Проводник электричества - стр. 96
– Толян, виноват, – сознался Якут, желваками гуляя. – Я, я поворот промахнул. Он – раз! – повернул… нельзя было сразу за ним. Пришлось покрутиться.
– Эх ты, поворот! – Нагульнов оттолкнулся от Чумы, качнулся вперед, побрел в обход ямы. Слов не было – еще не вполне командуя мышцами, присел на корточки и обвалился на колени перед женщиной, которая пристыла, приковалась к нему взглядом. К себе притянул и затиснул, и в тесноте объятия она немного ожила, окрепла, задышала, натянулась. Помог ей встать и обучиться заново ходить – два-три нетвердых шага.
– Сюда, поворот. В машину и домой ее… Поднимите мне этого… с ширинкой, с членом.

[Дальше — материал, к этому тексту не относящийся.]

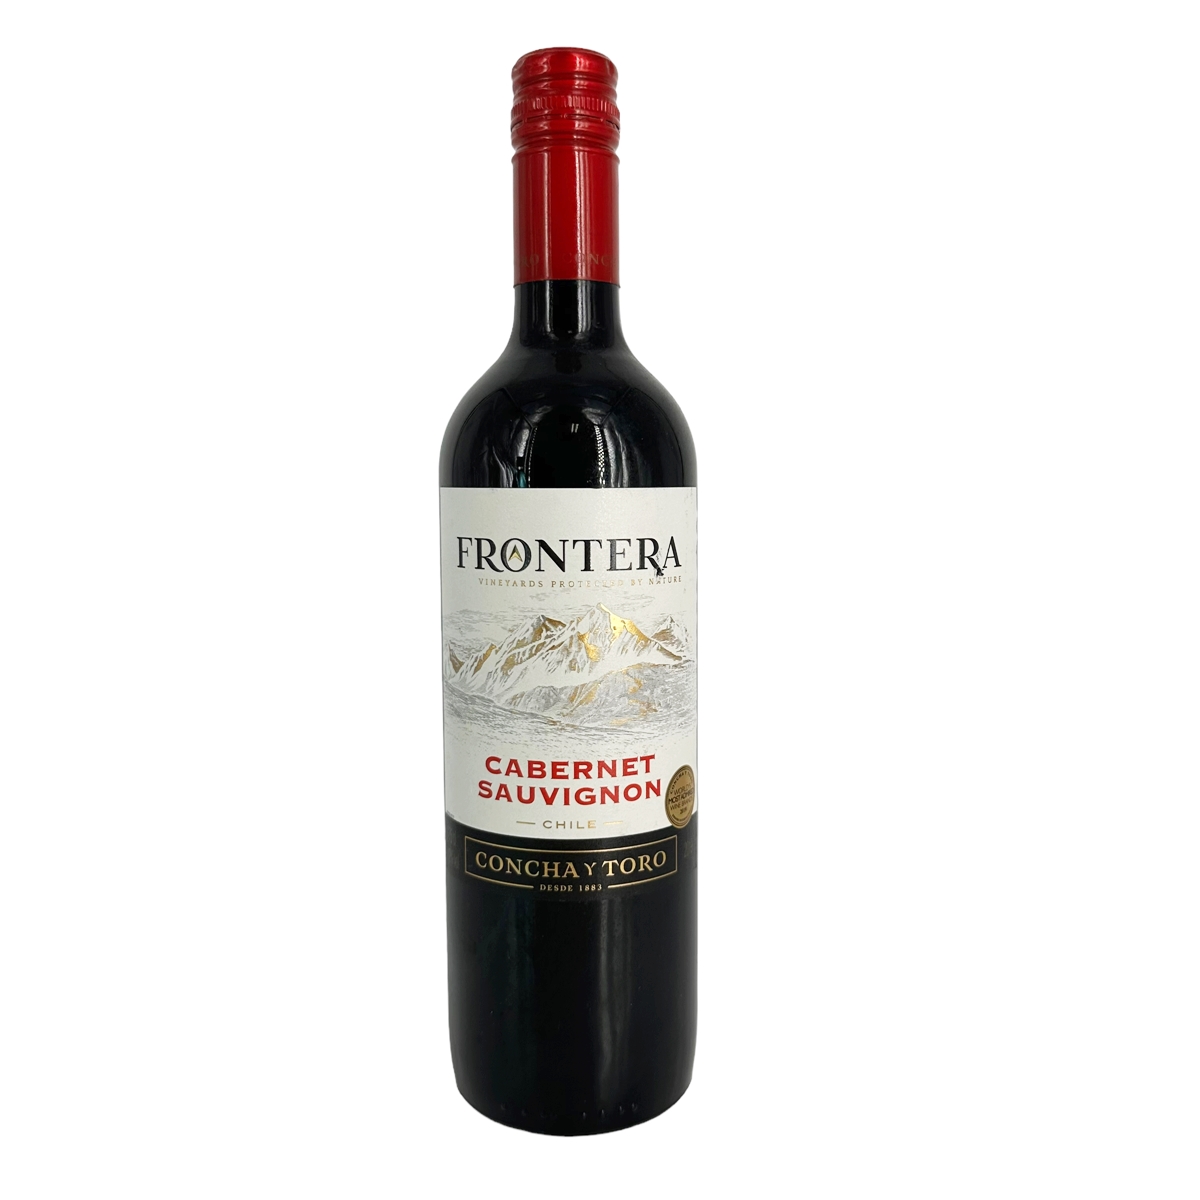 CONCHA Y TORO コンチャ・イ・トロ フロンテラ カベルネ・ソーヴィニヨン NV 750mlびん 1本 FRONTERA ワイン 赤ワインの商品画像

Ублюдка поставили перед майором на колени – тупое ровное лицо, взгляд примагнитился к стволу в руке Нагульнова, со скотской надеждой сговориться, умолить, все сделать, все отдать, все вылизать, с ублюдочным заискиванием, с душевнобольной какой-то услужливостью пополз от дула вверх – найти что-то ответное, прощение в нагульновских глазах.
– Брат, не губи…
Перед глазами у Нагульнова стояло другое выражение этого лица – то, перед ямой, перед коленопреклоненной девчонкой… раздвинуть ноги и вломиться, поиметь, поставив себе это в высшую заслугу.
Нагульнов вмазал так наотмашь рукоятью, будто хотел свой собственный рассудок, свой мозг и душу выбить из этой пустотелой коллекторской башки.
Перед самим собой стоял, себе в глаза смотрел, знал за собой вот эту единственную страсть – давить, насиловать упершуюся жизнь, какое бы обличье ни приняла… кончать от власти помыкания смертной тварью… вот вся и разница, что перед женщиной, ребенком давал по тормозам, но, в сущности, ведь и на малых сих ему было накласть – мог зашибить без умысла, без сладострастия, ненароком.
Что-то сломалось в нем самом, Нагульнове, подвинулось – совсем чуть-чуть, и было еще неизвестно, продолжит двигаться или на место встанет как ни в чем не бывало.
Кобелиная рапсодия
1
В сине-лиловых сумерках – как будто кто-то долго мыл в воде испачканную синей акварелью кисточку, – в упругом воздухе, который гладил кожу шелковыми волнами, над отутюженной черной водой Чистых, к которой был примешан золотистый желток бульварных фонарей, с двумя бутылками чилийского вина и склянкой «Бехеровки», которые взял в баре Эдисон… вдоль длинных, с чугунными лапами, шумных, гогочущих, истомно вздыхавших скамей (посасывали пиво и сигаретными зрачками мигали в темноте, блевали и укладывались легкой тюленьей головкой на крепкое, надежное плечо) они классически шагали вчетвером, неспешно, несколько сомнамбулически… и только Маша, раскрасневшаяся от вина, как карапуз на зимней продолжительной прогулке, порой порывалась выкинуть какой-нибудь привычный фортель, встать на носок, крутнуться, закружиться, прогнуться струной от кончиков ступней до острых коготков, пойти раскраивать звенящий шелк теплого воздуха живыми ножницами, взмахнуть и отхватить кусок Иванова нутра – сознания, языка, дыхания, чресел…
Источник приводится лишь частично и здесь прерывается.